- **PROBLEM STATEMENT**: Copy exactly the lines of the data below that run from the line holding "Blog post cover" through the line holding "Ebinformatics: Ebola fuzzy", both ends included.

----- INFORMATION

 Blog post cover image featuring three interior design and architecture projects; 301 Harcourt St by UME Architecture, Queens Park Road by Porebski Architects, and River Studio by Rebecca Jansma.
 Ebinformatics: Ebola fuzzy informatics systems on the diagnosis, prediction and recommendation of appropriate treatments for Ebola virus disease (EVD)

----------
----- INFORMATION

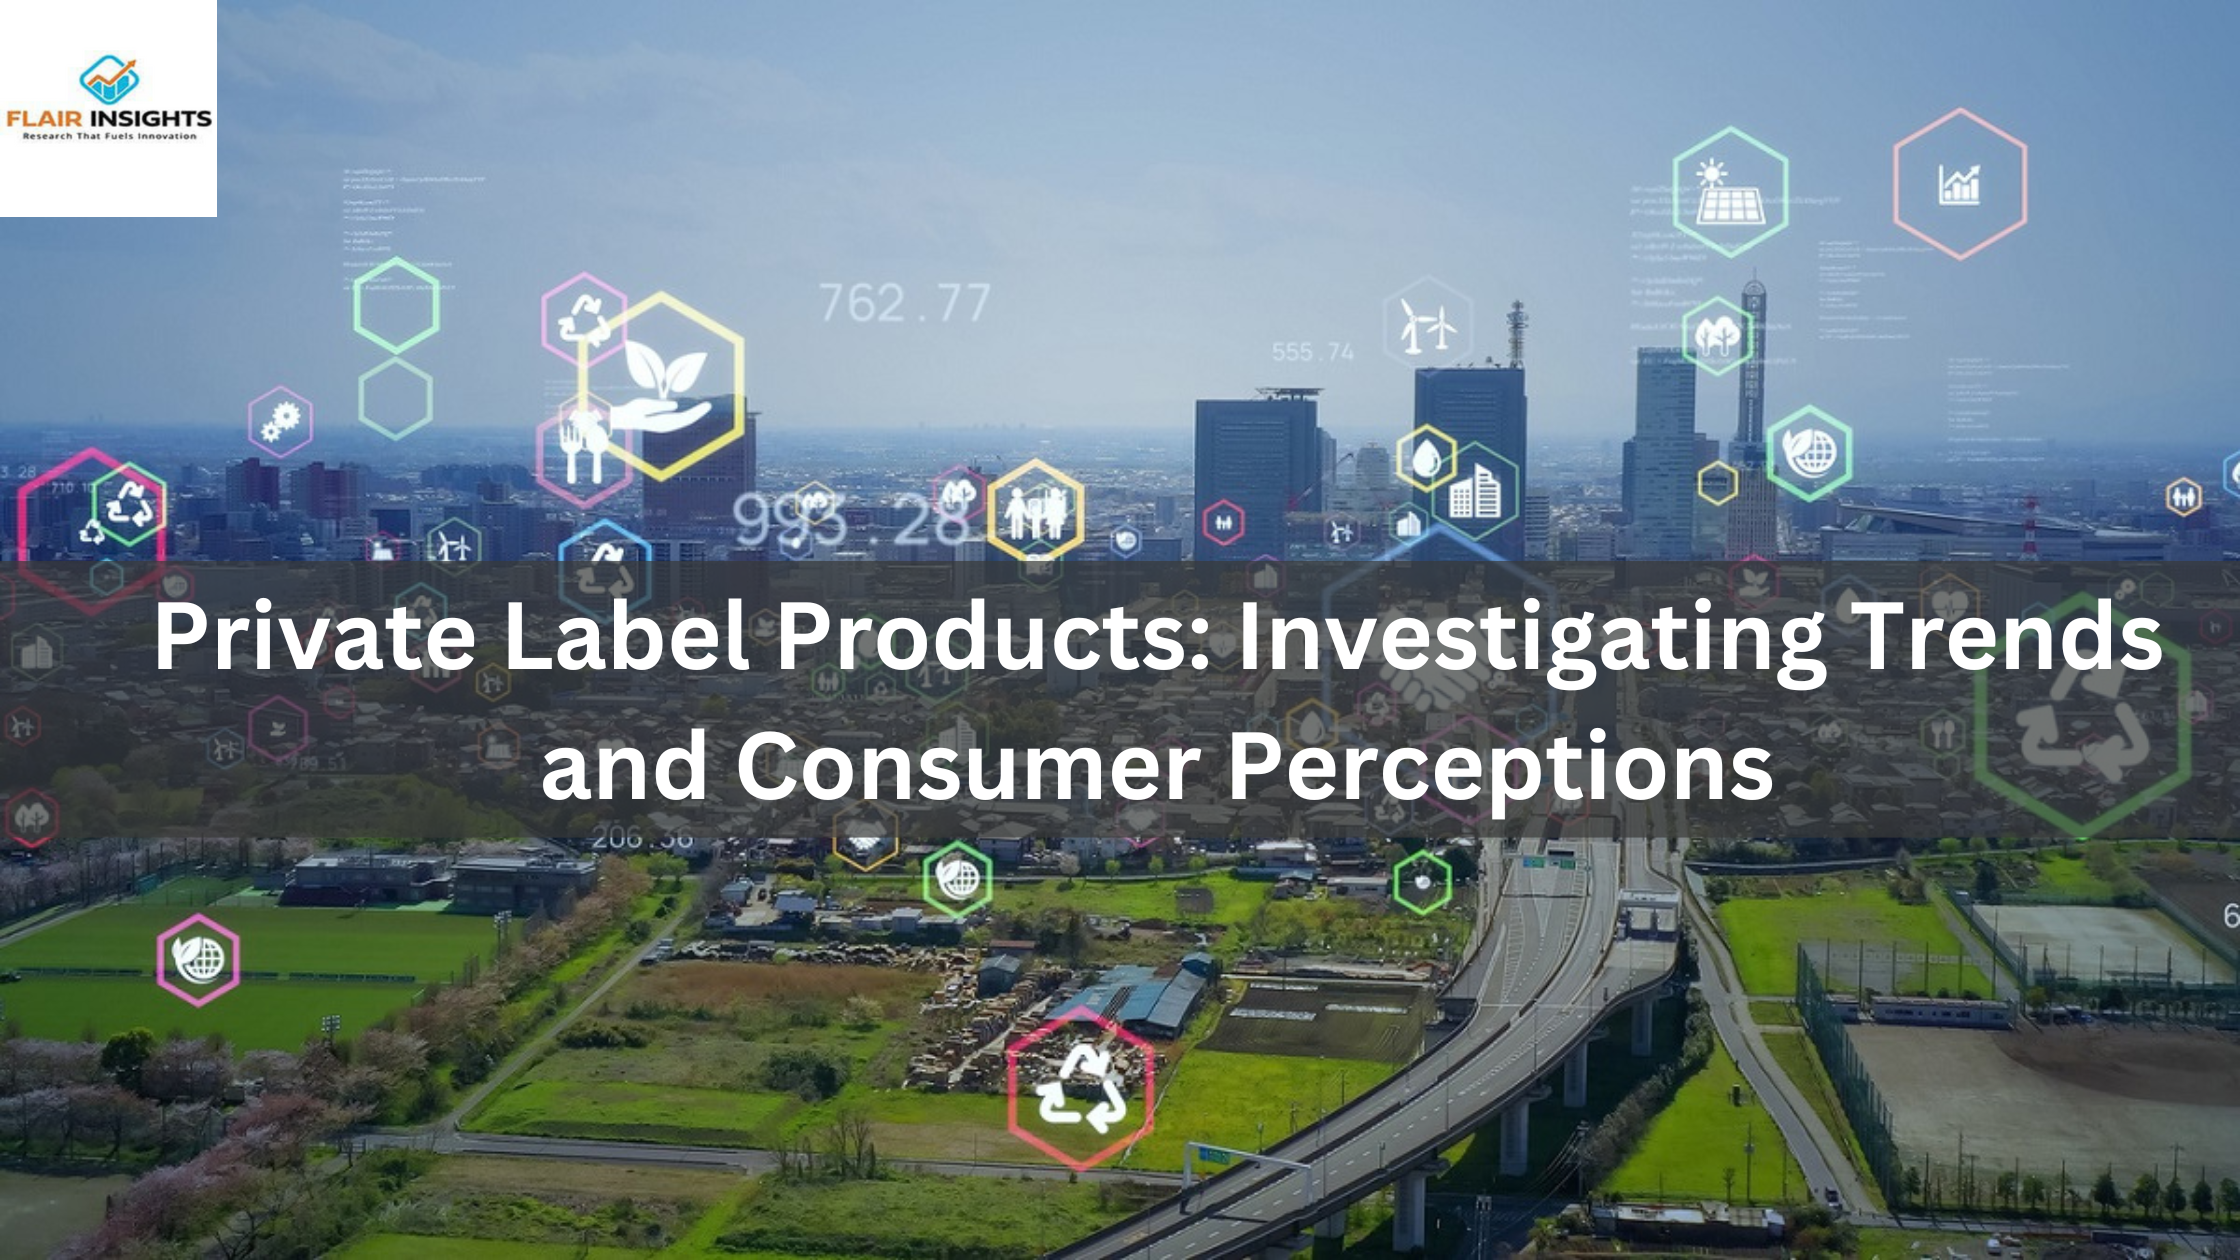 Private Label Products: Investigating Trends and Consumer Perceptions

----------
----- INFORMATION

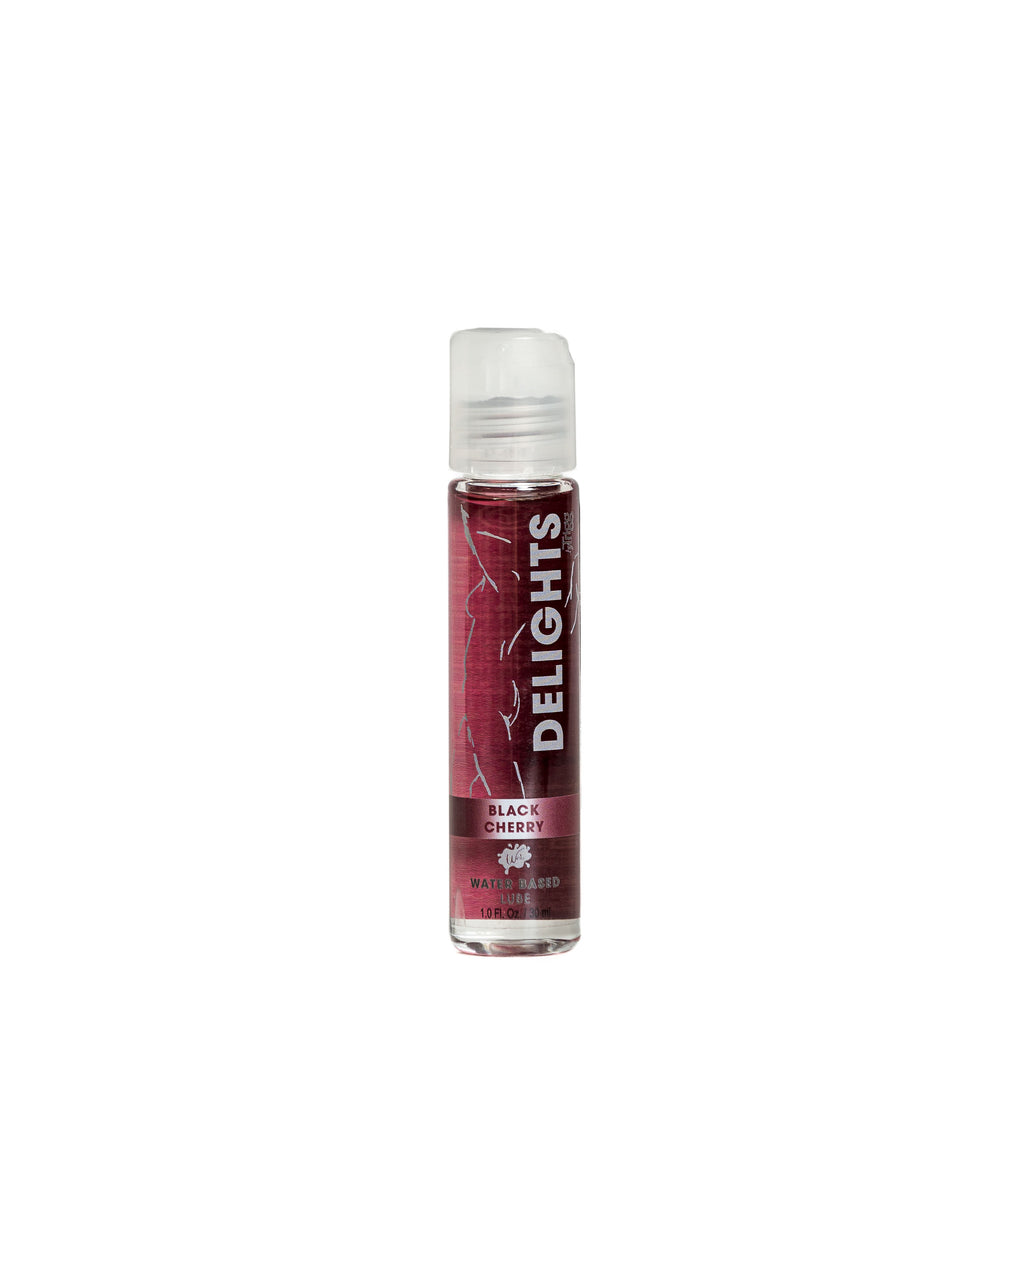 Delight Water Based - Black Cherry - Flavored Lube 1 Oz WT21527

----------

- **YOUR RESPONSE**:
 Blog post cover image featuring three interior design and architecture projects; 301 Harcourt St by UME Architecture, Queens Park Road by Porebski Architects, and River Studio by Rebecca Jansma.
 Ebinformatics: Ebola fuzzy informatics systems on the diagnosis, prediction and recommendation of appropriate treatments for Ebola virus disease (EVD)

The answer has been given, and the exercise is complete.